Requirement | Retype, word for word, every line from the one holding "Girls Unicorn Baby" through the one holding "4th Dimension Concrete" in the entries below, both included, and only those lines.

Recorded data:
--------------------------------

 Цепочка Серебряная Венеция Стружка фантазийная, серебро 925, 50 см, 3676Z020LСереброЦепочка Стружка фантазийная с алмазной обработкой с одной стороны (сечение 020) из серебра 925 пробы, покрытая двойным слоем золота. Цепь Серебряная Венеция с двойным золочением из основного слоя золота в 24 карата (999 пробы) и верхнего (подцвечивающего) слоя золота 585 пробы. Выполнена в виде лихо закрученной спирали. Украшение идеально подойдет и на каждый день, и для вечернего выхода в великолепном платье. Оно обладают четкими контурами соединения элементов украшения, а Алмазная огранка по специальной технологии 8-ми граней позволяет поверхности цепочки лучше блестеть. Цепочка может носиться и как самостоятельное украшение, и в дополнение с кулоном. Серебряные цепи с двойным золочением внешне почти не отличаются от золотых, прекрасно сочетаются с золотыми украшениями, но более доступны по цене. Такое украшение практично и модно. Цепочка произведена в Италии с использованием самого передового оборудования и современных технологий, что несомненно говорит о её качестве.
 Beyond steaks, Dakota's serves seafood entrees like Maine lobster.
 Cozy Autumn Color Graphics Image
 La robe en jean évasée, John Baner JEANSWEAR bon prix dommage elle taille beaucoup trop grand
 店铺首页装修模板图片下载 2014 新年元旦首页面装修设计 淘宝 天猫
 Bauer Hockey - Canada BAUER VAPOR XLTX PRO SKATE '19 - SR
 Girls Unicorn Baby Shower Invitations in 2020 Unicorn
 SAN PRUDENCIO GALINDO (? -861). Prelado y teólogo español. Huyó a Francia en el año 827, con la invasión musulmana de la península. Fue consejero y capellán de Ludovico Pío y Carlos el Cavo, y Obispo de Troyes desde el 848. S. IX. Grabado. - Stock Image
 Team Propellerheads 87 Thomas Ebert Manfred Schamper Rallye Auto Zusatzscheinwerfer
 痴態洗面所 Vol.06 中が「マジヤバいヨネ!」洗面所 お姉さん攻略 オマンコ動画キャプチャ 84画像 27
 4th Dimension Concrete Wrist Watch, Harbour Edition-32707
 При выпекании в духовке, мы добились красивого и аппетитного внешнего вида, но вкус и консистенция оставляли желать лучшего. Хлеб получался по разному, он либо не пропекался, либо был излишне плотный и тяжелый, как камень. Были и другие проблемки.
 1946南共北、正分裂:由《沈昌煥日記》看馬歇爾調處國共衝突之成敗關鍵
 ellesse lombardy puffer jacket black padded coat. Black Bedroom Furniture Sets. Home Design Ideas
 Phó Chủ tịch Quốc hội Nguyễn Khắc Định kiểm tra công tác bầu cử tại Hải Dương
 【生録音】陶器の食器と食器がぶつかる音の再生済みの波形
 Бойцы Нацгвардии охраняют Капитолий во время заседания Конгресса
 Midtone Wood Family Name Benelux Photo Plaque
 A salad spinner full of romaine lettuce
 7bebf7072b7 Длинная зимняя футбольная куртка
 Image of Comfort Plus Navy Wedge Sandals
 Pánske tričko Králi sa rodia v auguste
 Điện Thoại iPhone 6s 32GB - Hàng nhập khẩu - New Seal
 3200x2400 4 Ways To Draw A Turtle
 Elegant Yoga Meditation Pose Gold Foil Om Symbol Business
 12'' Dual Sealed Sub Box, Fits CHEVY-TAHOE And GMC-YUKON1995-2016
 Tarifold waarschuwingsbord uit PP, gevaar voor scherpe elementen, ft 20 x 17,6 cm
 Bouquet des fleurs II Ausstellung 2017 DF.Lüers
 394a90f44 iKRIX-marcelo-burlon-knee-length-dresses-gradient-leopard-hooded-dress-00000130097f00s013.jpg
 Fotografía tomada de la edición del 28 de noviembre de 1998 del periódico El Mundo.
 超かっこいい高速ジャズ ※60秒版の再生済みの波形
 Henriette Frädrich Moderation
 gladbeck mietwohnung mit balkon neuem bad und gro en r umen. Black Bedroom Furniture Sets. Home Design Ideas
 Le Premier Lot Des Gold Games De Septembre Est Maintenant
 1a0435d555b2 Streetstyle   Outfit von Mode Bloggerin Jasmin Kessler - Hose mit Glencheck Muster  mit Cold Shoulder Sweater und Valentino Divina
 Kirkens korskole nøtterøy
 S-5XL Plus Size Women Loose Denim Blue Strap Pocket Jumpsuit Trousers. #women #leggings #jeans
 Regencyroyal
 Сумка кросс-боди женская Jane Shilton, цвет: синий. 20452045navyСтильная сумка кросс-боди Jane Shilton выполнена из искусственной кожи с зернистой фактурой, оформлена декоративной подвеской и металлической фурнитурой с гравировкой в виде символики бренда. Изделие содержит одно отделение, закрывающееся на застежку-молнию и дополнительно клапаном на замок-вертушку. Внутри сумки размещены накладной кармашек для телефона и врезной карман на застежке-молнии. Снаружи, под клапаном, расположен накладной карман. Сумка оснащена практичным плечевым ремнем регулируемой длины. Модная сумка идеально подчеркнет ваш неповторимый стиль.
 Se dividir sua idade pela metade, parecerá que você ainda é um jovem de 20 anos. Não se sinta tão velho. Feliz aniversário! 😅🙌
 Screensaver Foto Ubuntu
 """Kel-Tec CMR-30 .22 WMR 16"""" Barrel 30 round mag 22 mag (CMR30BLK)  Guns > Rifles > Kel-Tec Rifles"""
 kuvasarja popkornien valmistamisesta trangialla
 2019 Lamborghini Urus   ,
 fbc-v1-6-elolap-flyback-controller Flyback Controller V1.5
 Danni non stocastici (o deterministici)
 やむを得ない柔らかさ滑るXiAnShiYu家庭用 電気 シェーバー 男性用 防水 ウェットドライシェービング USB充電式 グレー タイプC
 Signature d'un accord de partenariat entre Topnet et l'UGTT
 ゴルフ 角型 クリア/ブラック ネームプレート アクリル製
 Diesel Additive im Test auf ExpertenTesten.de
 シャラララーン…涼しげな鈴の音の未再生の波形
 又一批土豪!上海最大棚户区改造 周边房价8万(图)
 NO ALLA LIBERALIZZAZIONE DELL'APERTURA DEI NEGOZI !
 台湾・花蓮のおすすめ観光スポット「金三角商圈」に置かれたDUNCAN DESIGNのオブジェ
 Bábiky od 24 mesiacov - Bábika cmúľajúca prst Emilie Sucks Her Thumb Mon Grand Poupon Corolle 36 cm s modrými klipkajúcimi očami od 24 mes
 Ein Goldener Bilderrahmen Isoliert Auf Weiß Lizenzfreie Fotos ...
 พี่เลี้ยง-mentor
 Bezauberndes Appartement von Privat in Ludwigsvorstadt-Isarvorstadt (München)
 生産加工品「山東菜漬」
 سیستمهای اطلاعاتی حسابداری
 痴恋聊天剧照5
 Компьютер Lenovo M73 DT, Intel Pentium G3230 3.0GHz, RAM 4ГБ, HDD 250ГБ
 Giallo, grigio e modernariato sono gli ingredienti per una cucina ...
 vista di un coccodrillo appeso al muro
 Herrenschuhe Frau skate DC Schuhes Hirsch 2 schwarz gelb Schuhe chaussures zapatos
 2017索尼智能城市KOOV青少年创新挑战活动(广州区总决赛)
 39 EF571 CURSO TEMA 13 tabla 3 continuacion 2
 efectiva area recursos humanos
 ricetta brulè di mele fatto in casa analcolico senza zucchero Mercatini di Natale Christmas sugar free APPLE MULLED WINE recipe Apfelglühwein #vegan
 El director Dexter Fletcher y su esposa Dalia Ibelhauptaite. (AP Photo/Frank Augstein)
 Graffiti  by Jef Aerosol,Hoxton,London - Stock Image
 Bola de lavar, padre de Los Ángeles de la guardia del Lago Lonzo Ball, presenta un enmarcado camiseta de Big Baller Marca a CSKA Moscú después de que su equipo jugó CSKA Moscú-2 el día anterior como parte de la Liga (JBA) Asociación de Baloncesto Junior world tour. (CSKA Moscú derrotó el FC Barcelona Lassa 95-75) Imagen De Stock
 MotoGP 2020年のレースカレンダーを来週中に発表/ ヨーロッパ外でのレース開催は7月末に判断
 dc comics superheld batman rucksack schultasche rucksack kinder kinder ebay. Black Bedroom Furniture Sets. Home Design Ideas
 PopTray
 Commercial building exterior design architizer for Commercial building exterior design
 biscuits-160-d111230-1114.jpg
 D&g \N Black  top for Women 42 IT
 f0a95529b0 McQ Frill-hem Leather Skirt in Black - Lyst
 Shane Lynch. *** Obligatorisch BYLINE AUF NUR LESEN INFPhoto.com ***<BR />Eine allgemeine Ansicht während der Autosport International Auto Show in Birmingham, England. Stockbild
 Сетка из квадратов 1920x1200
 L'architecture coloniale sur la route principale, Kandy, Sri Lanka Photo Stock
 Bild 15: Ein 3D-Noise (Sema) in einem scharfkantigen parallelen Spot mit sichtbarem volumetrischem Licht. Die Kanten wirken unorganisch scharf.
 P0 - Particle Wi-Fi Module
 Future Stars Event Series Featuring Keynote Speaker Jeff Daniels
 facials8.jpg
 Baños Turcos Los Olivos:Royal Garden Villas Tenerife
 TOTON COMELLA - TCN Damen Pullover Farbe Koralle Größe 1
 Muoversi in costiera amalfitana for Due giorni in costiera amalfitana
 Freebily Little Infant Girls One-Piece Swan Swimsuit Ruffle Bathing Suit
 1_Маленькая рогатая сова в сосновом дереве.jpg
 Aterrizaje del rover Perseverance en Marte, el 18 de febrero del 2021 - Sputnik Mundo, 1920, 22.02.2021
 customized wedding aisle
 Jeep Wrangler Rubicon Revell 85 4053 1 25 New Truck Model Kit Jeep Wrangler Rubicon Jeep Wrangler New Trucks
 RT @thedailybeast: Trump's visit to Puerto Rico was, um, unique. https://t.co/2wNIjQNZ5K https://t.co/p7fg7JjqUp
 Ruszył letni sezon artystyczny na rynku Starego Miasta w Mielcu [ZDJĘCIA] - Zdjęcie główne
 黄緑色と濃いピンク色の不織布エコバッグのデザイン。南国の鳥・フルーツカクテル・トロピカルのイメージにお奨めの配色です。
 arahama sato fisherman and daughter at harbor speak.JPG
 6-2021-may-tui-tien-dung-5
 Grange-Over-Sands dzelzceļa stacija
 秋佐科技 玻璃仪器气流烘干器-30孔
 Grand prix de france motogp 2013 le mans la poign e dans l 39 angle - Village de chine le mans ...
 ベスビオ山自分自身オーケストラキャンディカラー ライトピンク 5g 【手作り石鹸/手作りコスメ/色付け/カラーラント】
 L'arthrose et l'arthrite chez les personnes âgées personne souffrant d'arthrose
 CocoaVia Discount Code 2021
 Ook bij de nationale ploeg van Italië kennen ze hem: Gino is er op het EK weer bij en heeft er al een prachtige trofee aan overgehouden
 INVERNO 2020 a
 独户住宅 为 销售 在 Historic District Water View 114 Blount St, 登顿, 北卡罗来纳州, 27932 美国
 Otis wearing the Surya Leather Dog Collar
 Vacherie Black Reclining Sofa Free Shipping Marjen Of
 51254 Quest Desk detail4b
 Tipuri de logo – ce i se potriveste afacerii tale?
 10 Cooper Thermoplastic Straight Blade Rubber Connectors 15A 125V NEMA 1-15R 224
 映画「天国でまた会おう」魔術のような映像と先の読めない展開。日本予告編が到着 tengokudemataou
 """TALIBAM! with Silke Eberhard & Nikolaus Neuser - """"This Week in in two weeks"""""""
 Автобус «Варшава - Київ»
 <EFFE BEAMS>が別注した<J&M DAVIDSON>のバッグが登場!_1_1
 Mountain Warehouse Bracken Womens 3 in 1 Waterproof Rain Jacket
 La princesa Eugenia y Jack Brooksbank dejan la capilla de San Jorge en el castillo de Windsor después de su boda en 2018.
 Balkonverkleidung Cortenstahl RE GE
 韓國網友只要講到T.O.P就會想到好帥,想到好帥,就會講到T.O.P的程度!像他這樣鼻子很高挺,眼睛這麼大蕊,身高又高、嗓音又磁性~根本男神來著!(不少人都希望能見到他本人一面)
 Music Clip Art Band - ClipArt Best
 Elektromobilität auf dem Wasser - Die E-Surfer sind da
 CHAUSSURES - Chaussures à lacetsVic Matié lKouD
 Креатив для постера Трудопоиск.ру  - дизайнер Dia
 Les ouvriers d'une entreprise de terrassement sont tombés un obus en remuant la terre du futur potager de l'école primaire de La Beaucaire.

--------------------------------

Solution to this task |
 Girls Unicorn Baby Shower Invitations in 2020 Unicorn
 SAN PRUDENCIO GALINDO (? -861). Prelado y teólogo español. Huyó a Francia en el año 827, con la invasión musulmana de la península. Fue consejero y capellán de Ludovico Pío y Carlos el Cavo, y Obispo de Troyes desde el 848. S. IX. Grabado. - Stock Image
 Team Propellerheads 87 Thomas Ebert Manfred Schamper Rallye Auto Zusatzscheinwerfer
 痴態洗面所 Vol.06 中が「マジヤバいヨネ!」洗面所 お姉さん攻略 オマンコ動画キャプチャ 84画像 27
 4th Dimension Concrete Wrist Watch, Harbour Edition-32707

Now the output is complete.